C22.0103
FINAL EXAM
Name:______

Write your answers to the first five questions on the attached sheets, in the spaces provided. Circle the choice which best answers questions 6-15. Do not write anything else on this page (besides your name and the circles). When you are finished, hand in the entire exam (both question sheets and answer sheets). Please do not remove any pages from the exam paper. There are 15 questions, each worth 5 points. Everyone receives 25 points for free. Good Luck!

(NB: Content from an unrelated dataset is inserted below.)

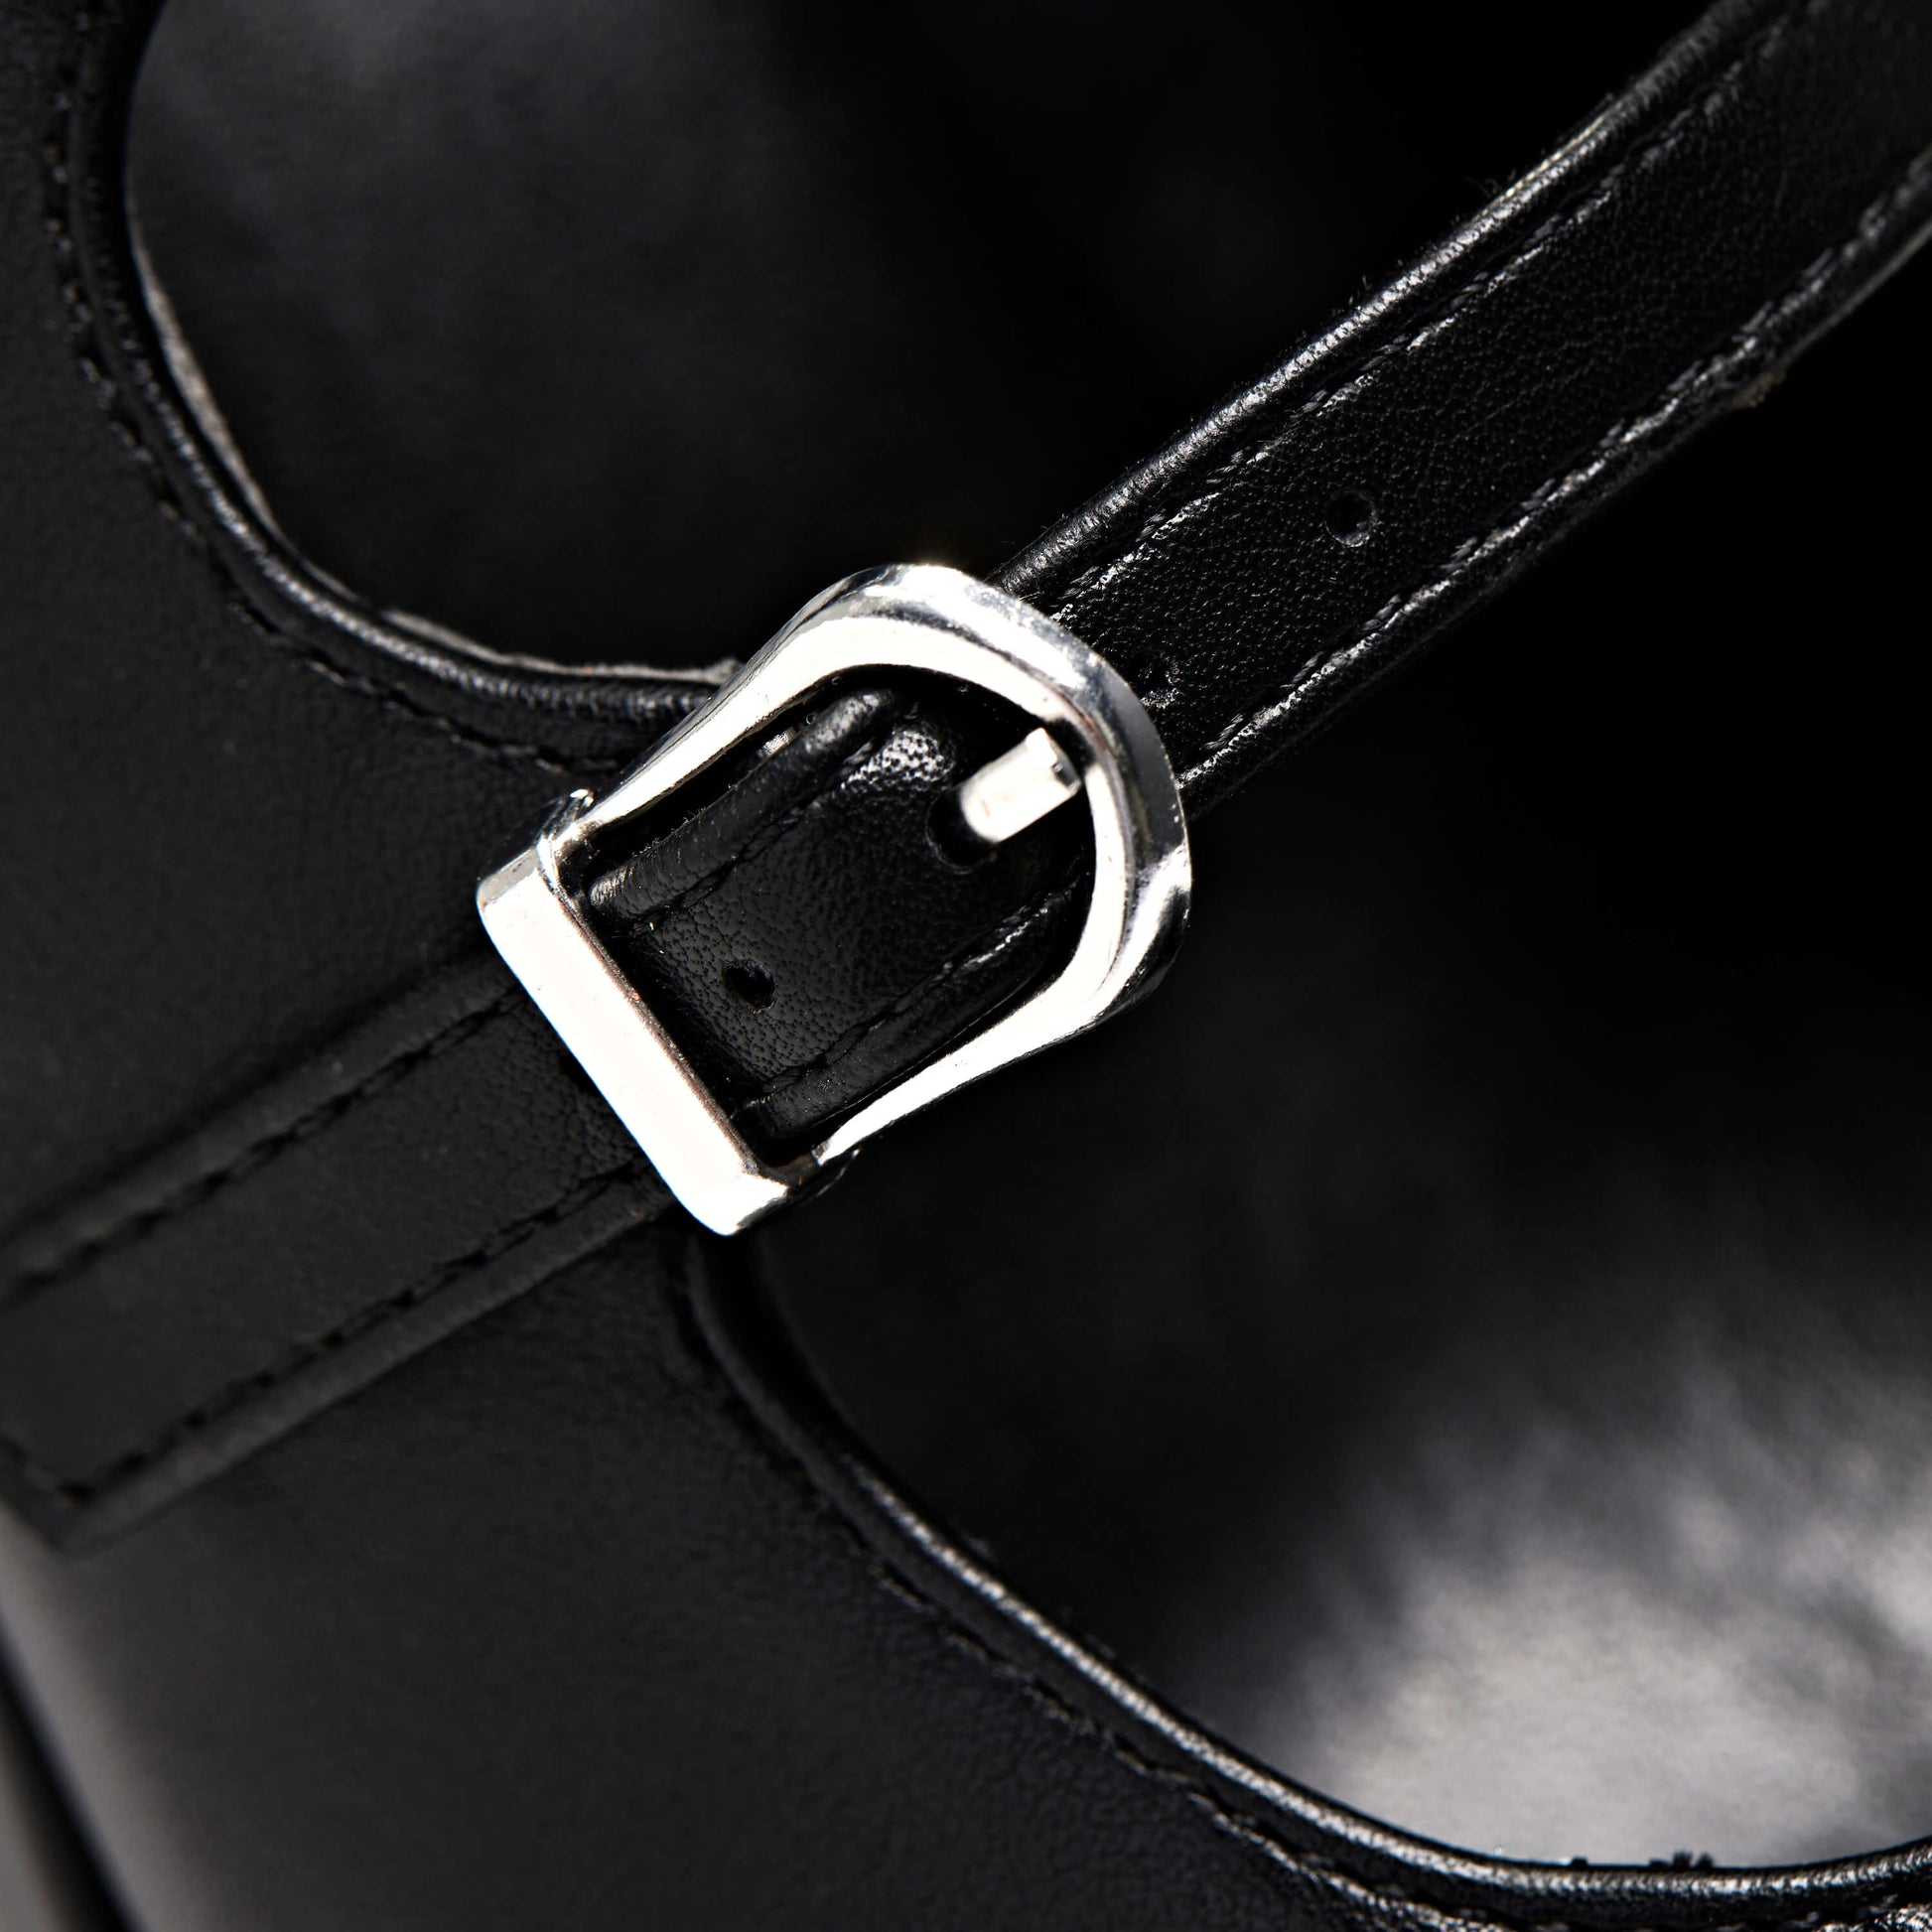 Zeba Black Platform Heels - Shoes - KOI Footwear - Black - Buckle Detail

1)  WRITTEN 11) (A) (B) (C) (D) (E)

2)  WRITTEN 12) (A) (B) (C) (D) (E)

3)  WRITTEN 13) (A) (B) (C) (D) (E)

4)  WRITTEN 14) (A) (B) (C) (D) (E)

5)  WRITTEN 15) (A) (B) (C) (D) (E)

6)  (A) (B) (C) (D) (E)

7)  (A) (B) (C) (D) (E)

8)  (A) (B) (C) (D) (E)

9)  (A) (B) (C) (D) (E)

10)  (A) (B) (C) (D) (E)


Please Leave This Page Blank
Answer For Question 1:


Answer for Question 2:


Answer for Question 3:


Answer for Question 4:


Answer for Question 5:


C22.0103

FINAL EXAM

Questions 1) - 5) are based on data gathered by Martino Ghezzi from the 2003 Zagat guide to restaurants in Manhattan. The response variable, Price, is the estimated price of a dinner, including one drink and tip, in Dollars. The explanatory variables are Food, Décor and Service, which give the ratings from the Zagat guide on food quality, décor and service for the restaurant. Higher ratings are better than lower ratings. The highest possible rating is 30. Figure 1 gives a fitted line plot for Price vs. Food. This is followed by the corresponding Minitab Simple Linear Regression output.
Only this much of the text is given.